PostedSep-13-2006 09:52 PM
Altitude5,101.7 ft.
HeadlineNew Mexico
Entry The La Ventana Trail is first on the agenda and we're excited to check out what New Mexico has to offer. Turning off the main drag we spot a notice of the road closed up ahead but the La Ventana Trail breaks off prior to it beginning. What looks like an abandon construction road twists and turns opening up some variety from the mountain passes of Southwest Colorado. Hoping to find some true rock crawling back within the bowels she never seems to pick up and an hour or two later we're popped back onto the road leading in and now realize the reasoning behind the road being closed out. There is a section where the concrete just simply drops out for a 30 foot stretch. Crossing back over the highway we pick up the route unwrapping a fence to enter the trail. To this point the consensus seems to be that so long as the fence isn't marked otherwise we'll pass through and make sure to close up behind ourselves. Traveling farther down however the bridge over a running canyon is out. It looks half built and then just stops. The road blocks begin to get to us and I take a walk down the side of the ravine looking for another option but the drops are too great. We 180 and head a few miles down looking for an alternate route to join back with the trail.

The section we're approaching is a giant section of land making up roughly 1/5 of New Mexico west of the 25. We're entering South of 40, West of the 25, and North of 60. Even US 117 is in actuality a highly beat up dusty road with continual erosion and drop outs. Though no expert by any stretch of the imagination, New Mexico seems to have areas of dirt and sand which are so dry that when a small stream of water passes through it cuts straight through the ground or road or whatever it may be. What the result looks to be are sections of the road which have 2 foot gaps in width and depth stretching horizontally across the trail. New Mexico's other interesting quality is the continual low sitting shrubbery (haven't heard that word applied since the Holy Grail) blinds you to the State's rapid elevation changes. What looks like a valley in front of you could hold numerous 50 foot ravines which are invisible until you're right on top of them.

After rejoining the trail and a few hours in we're beginning to make some progress in cutting across the desolate section of New Mexico when we roll to a stop. In front of us sits a closed gate. Although we're sitting on what is labeled as a State Highway it appears someone has purchased a connecting piece of the land with no way to get around. No trespassing. The most painful two words imaginable. Hanley smashes his head against the steering wheel while I look for a way around. The trip back out is a few hours to make it around. I know from just trying to picture this that it seems unreasonable that rerouting would be this time consuming but the road conditions are horrible. We're used to the jarring and bouncing but when you throw in 2x2 gaps in the road proceeded by a straight, 60 miles an hour can snap an axle. This is not the place we want to break down. Worse is that certain areas ride the borders of these canyons and erosion has allowed portions of the road to collapse away. You need to be awake when racing across these areas.

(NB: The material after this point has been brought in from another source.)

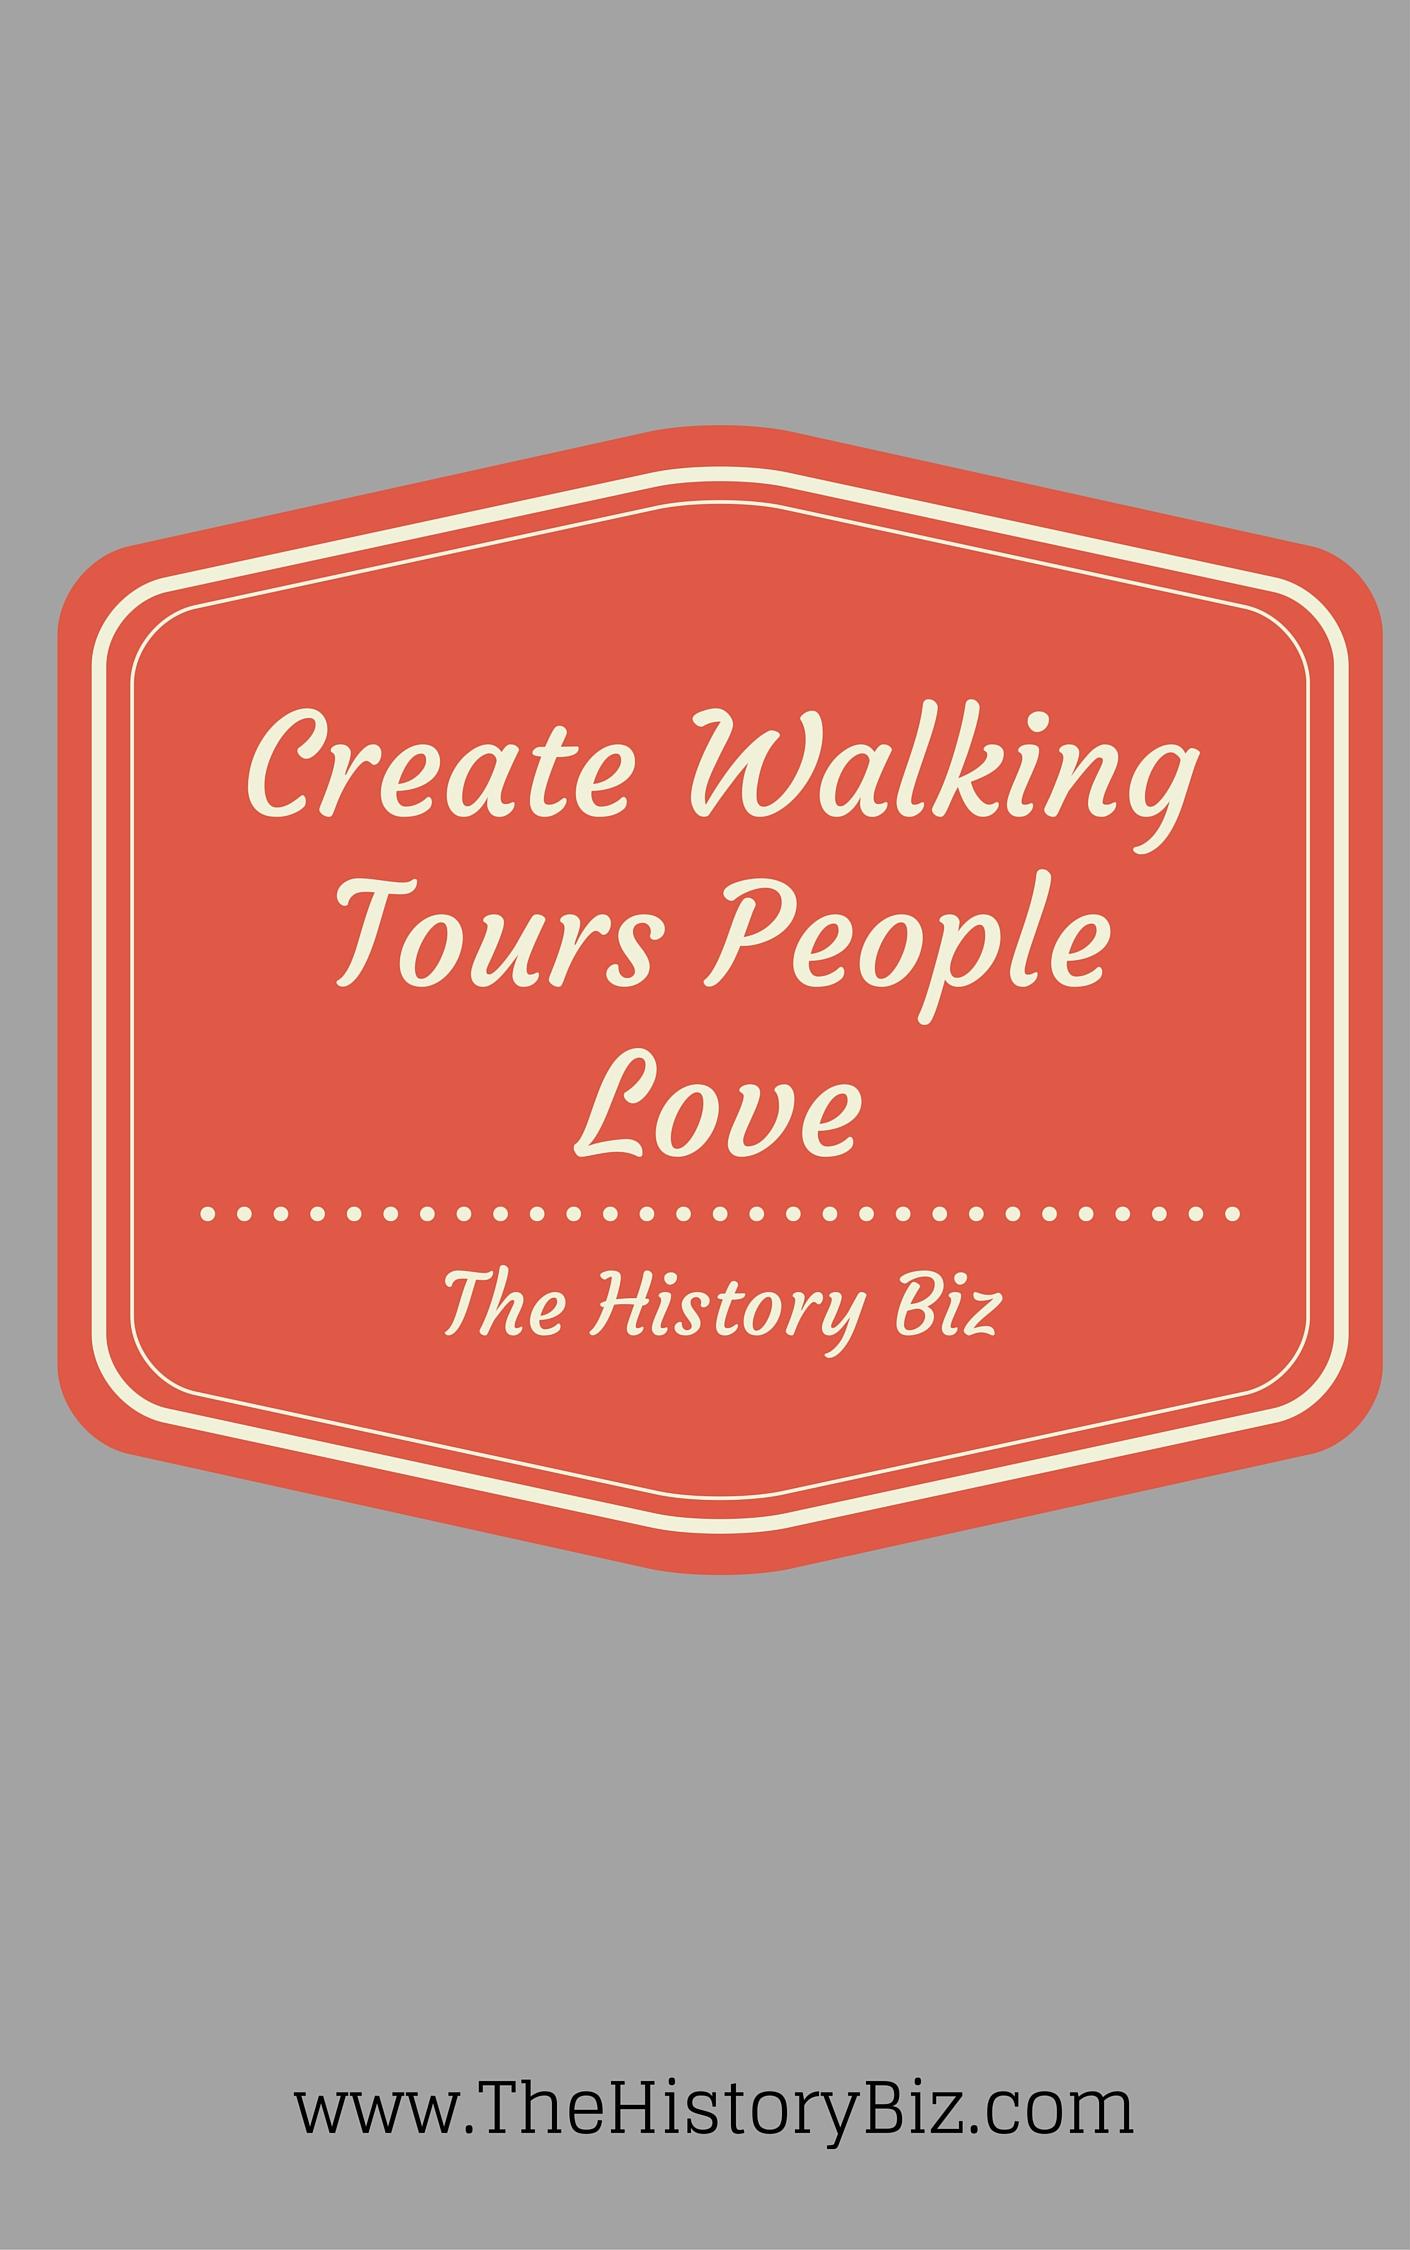 createwalkingtourscover.jpg
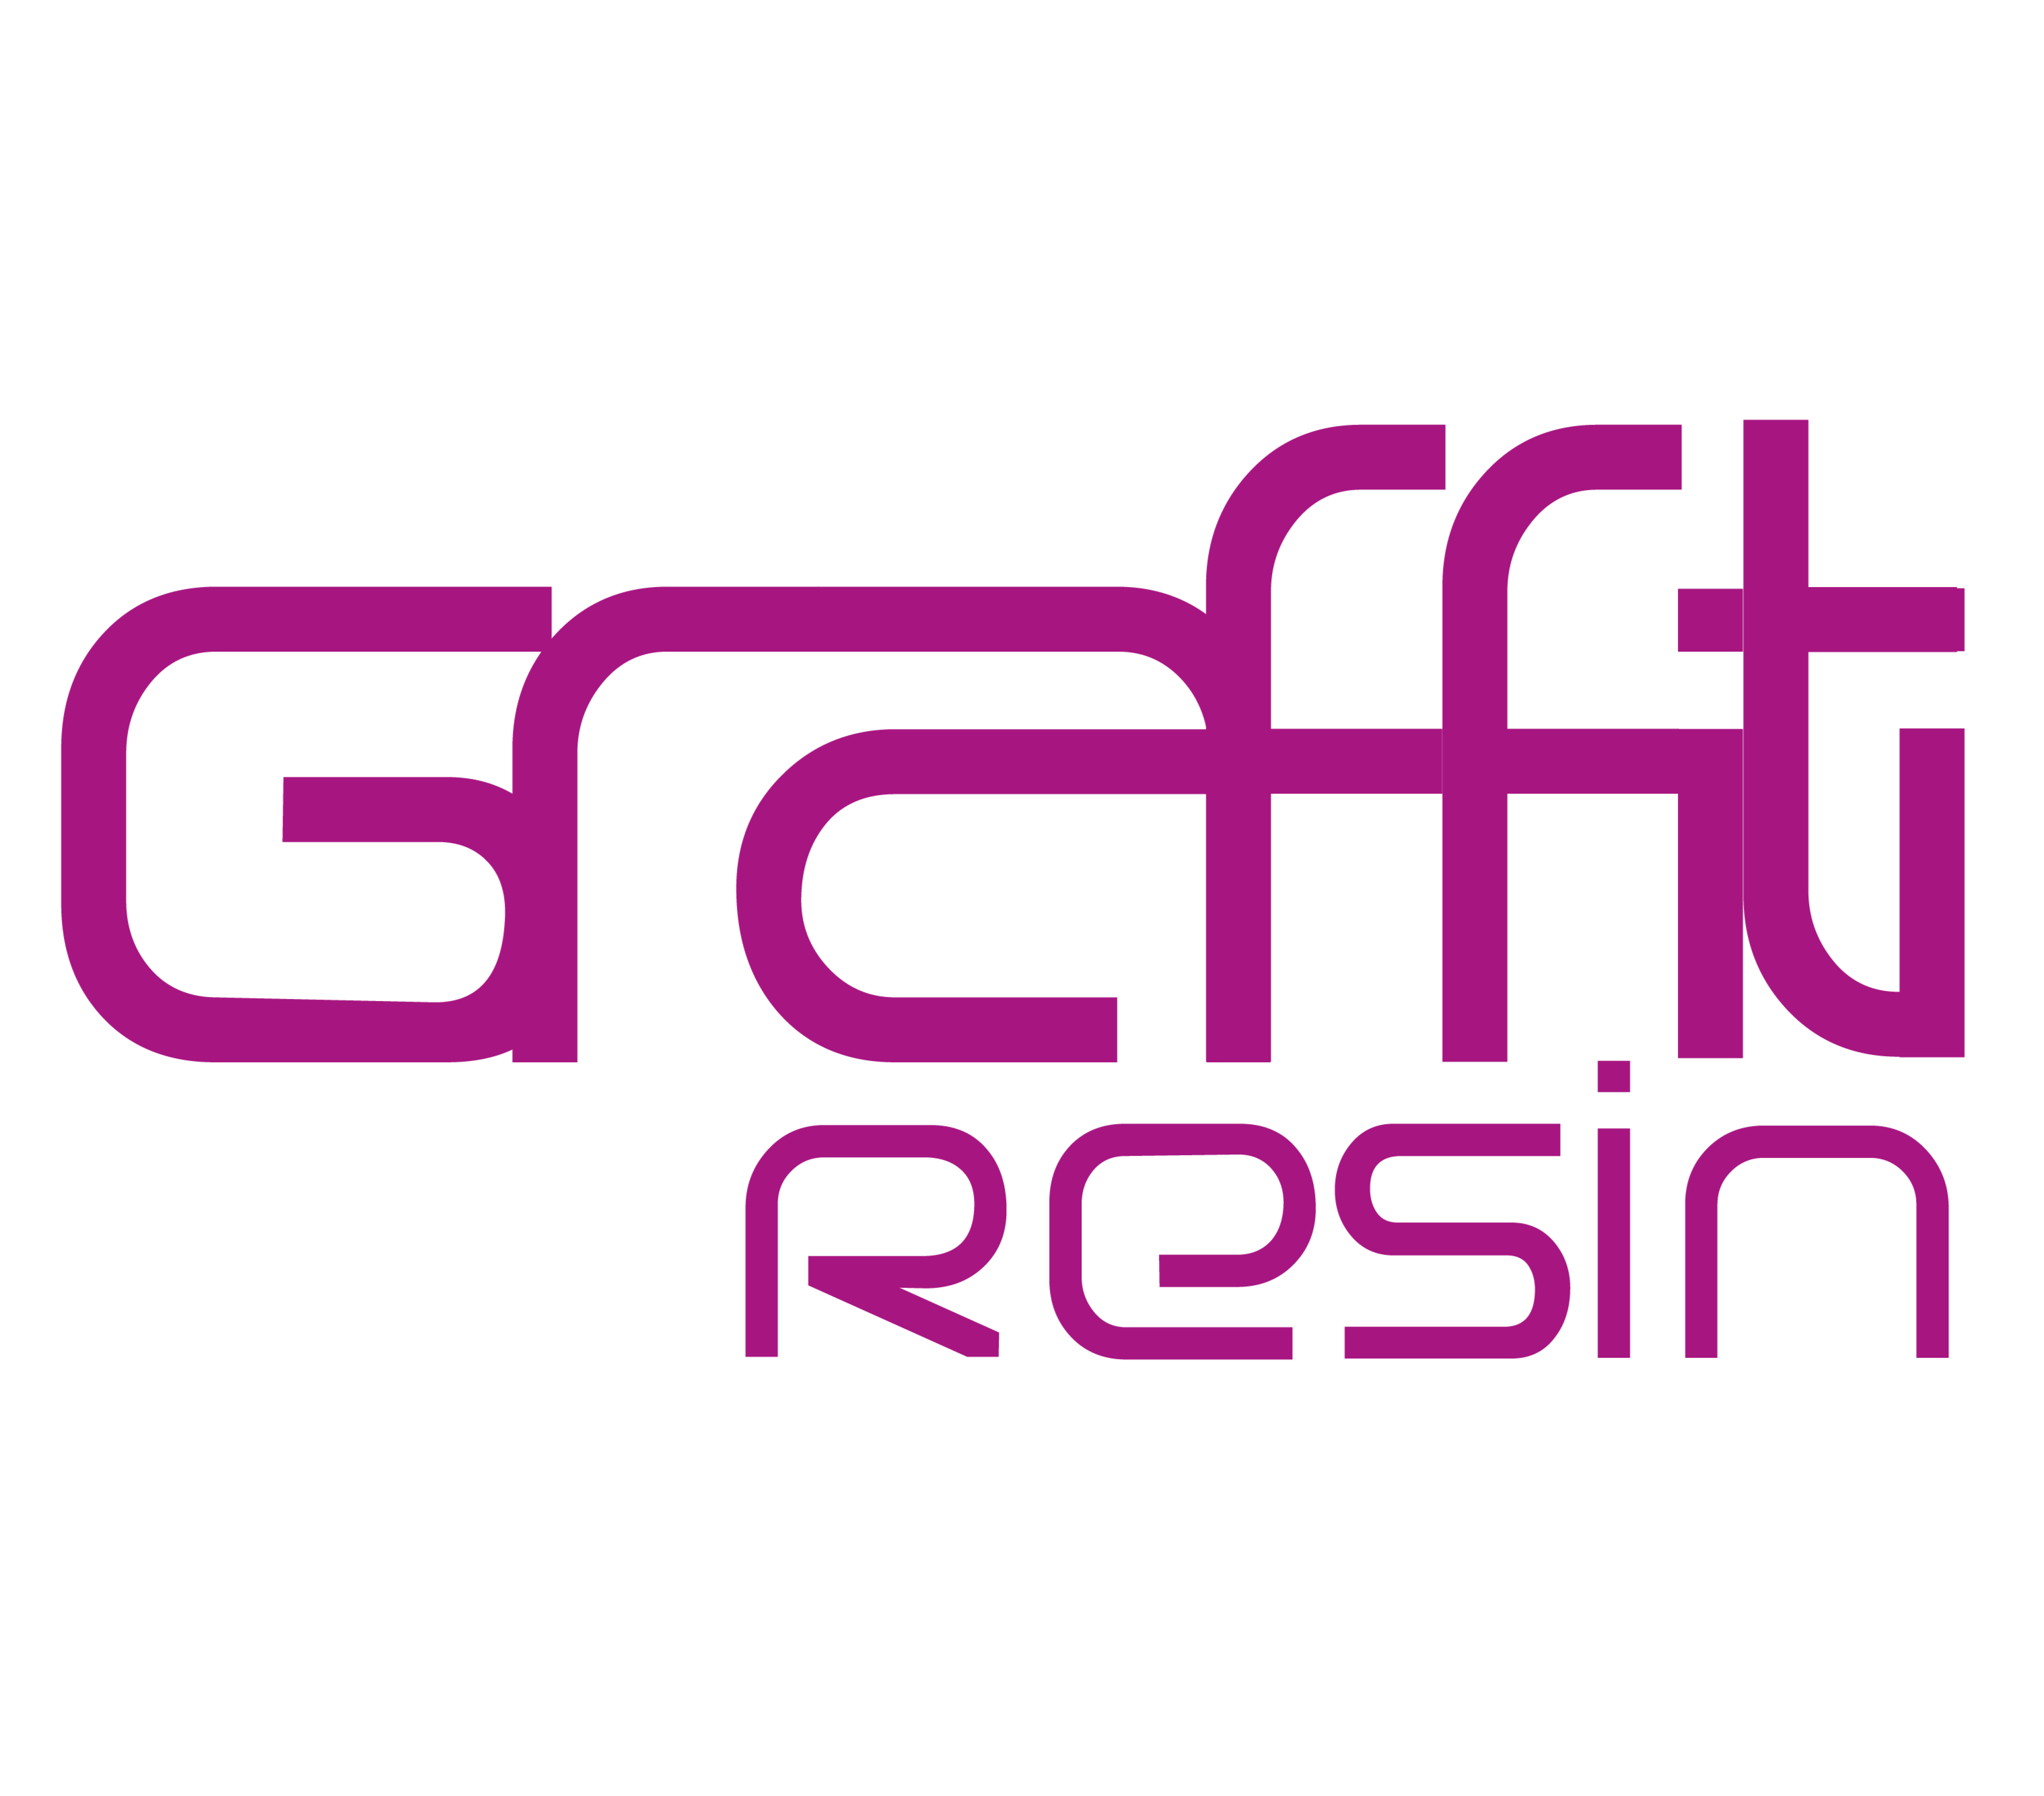 تفاصيل متجر جرافيتي أدوات ريزن في 5 دقائق وأدواته

Dipping into a ravine the path up the far side has fallen away and we make a shot at taking on the grade. Gathering some speed the front end whips up but the arc of the half dirt half sand composure high centers the truck with the rear bumper now resting on itself. With no option of reversing and not a tree in sight we fall upon our last resort. The Pull-Pal. For those not familiar with this awesome tool, the Pull-Pal is a land anchor which when set in the ground buries itself more and more until grabbing a hold with the pull of the winch. With no issue that's exactly what she does and looking like a scene out of tremors its only a few moments before the Pull-Pal just stops. Not going anywhere, Hanley works the winch while I create some grade with a shovel for the Goodyear's to grab onto and out she comes a creeping. Very cool stuff.

Another couple hours and we're wrapping around in attempt to make it back to our route and we hit the same scenario, a gate. The downside of venturing off the plotted route is the probability of entering private lands shoots up and with New Mexico being known for shooting trespassers first and asking questions later, we don't press our luck. As our path continues to finger out around the bottle necked area we're unable to branch around we hit a third blockage and breaching around would take us through private property which resembled something out of Mad Max. Three hours later we're back out onto the highway as the sun is dropping and in the same spot we were 8 hours before. Sometimes it seems like you just can't win and though the last thing we want to do, we're forced to bridge around the gap in desperate need of gas. One snag and New Mexico's terrain doesn't give you a second chance. We crash in Albuquerque.